Do your business contracts have an attorneys’ fee provision awarding reasonable fees and costs to the prevailing party? Many do. The common view on these provisions is that they promote fair outcomes (loser pays) and may deter lengthy ltigitation, since each side wants to avoid having to pay the other side’s attorneys. I haven’t seen any empirical evidence to back this up. I recently obtained $3.4 million in attorneys’ fees for a client, pursuant to a contract, and the case highlights some of the risks involved in attorney fee provisions. (For details of the case, read The Recorder article about the Duane Morris case posted on this website.)

Consider at least two situations in which the fee provision may drive unnecessary litigation: consumer contracts and complex transactions.
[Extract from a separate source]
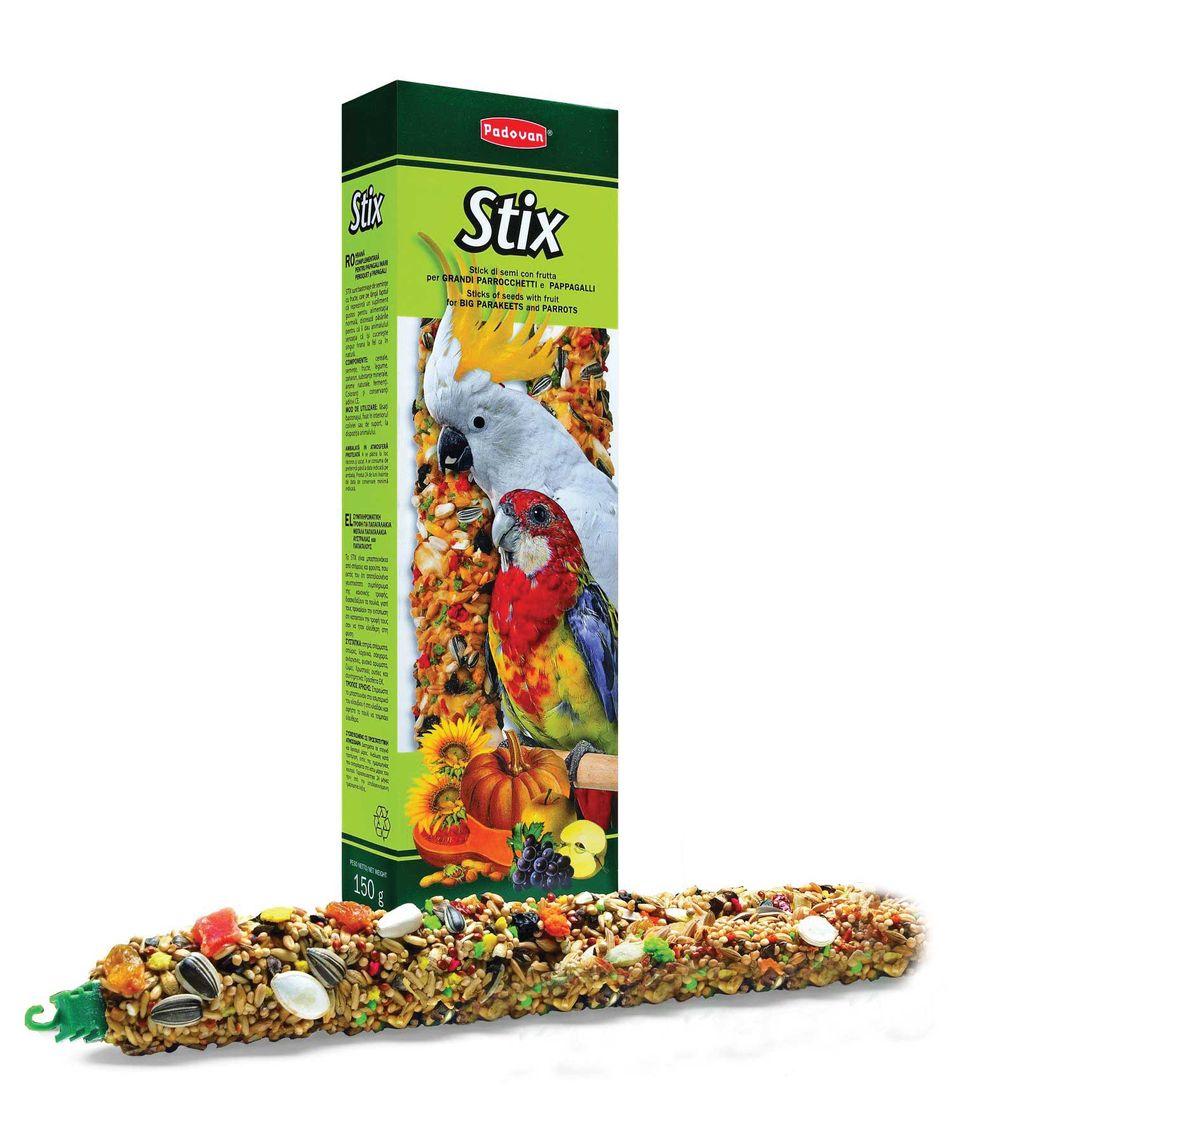 Палочки Padovan Фруктовые для крупных и средних попугаев, 2 х 150 г0120710Лакомство - две аппетитные палочки, спрессованные из тщательно подобранной смеси разнообразных семян и полезных пищевых добавок.Предназначено для крупных попугаев. Пригодно для питания и других птиц. Снабжены приспособлением для удобного крепления лакомства внутри клетки.Состав: подсолнечник, кукуруза, пшеница, канареечное семя, красный перец, печенье: пшеничная мука, дрожжи, пищевые красители, декстроза, минералы, консерванты, натуральные вкусовые добавки.

Most consumers, including those who enter into residential leases, obtain legal representation on a contingency basis. The economics of paying hourly attorneys fees doesn’t work for most consumers involved in contract disputes.
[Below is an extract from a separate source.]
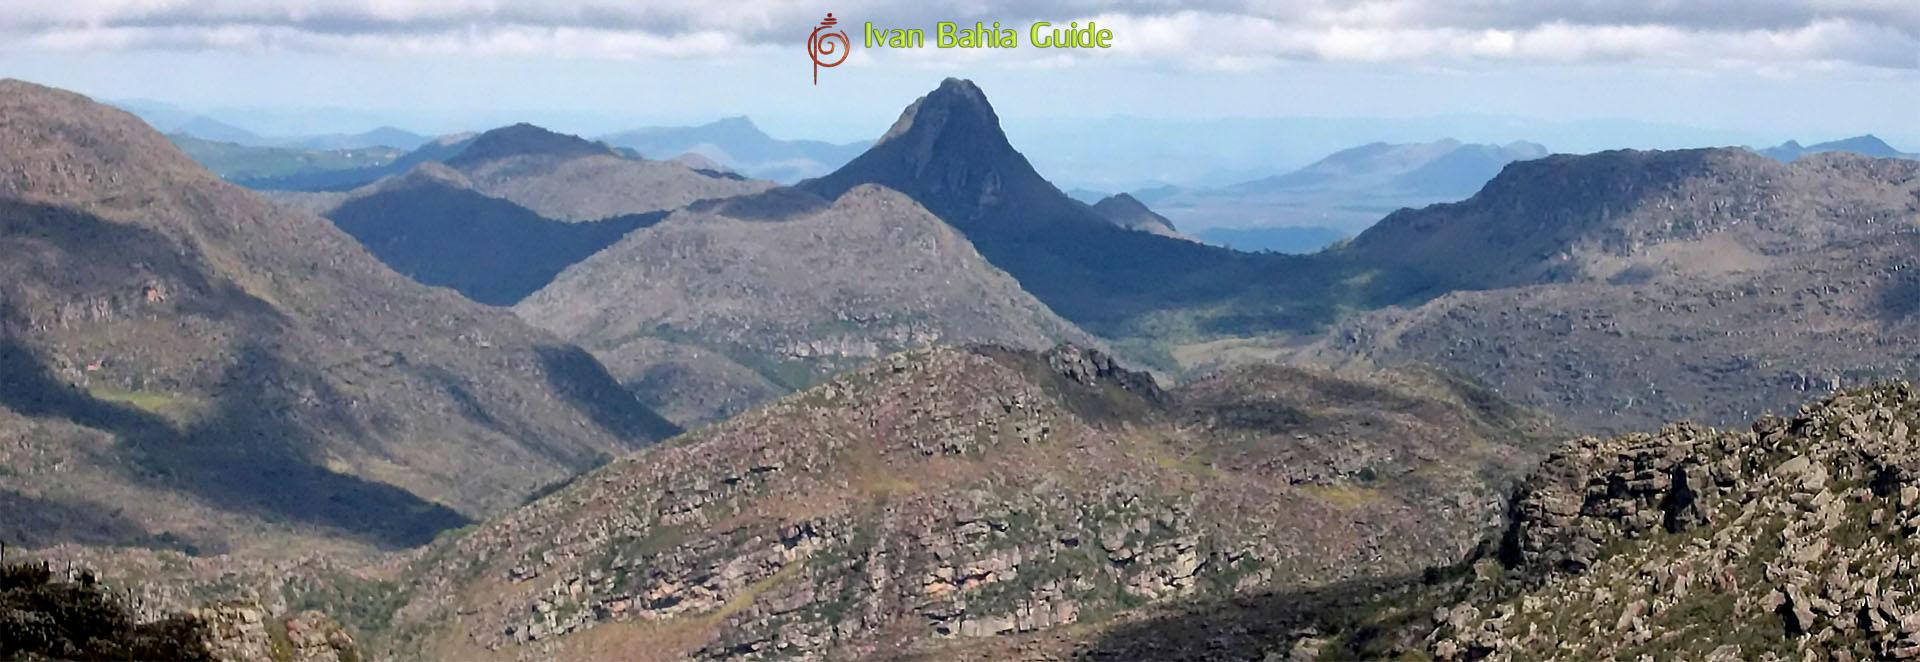 Ivan Bahia & Chapada Diamantina guide / on vous emmène au toit de Bahia à Chapada Diamantina Park national pour un trekking dos 3 picos, aux points les plus hauts du Nord-est/ Bahia (+2000m) avec les pics Barbado, Almas et Itobira

The existence of an attorney’s fee provision in a consumer contract/lease does two things. First, it makes it easier for the consumer to retain counsel on a contingency basis, even for a small case, since counsel will be paid a reasonable hourly rate if the consumer plaintiff prevails. Second, it encourages many counsel to over-lawyer a case. That is because a “reasonable fee” is based on a loadstar calculation: the number of hours worked times the market hourly rate. The loadstar in many cases will turn out to be more than the amount at issue in the lawsuit. For example, it’s not unusual to see a $10,000 fee award (or more) in a case resulting in a $1,000 judgment for the prevailing party.

The same thing can occur in complex commercial cases. Though business entities involved in large scale litigtation can ususally afford to hire hourly counsel, where there is a fee provision, hourly counsel may agree to work on a contingency basis. In these cases, multiple the numbers above by one thousand and you can predict the result: the law firm will very soon have a larger stake in the litigation than the client. Cases that might otherwise have settled or resolved between entities may be driven to trial by lawyers chasing a fee.

Attorneys and their clients should evaluate their contracts and experience with past disputes and decide whether the client may be better served by the default American rule: each side pays its own attorneys.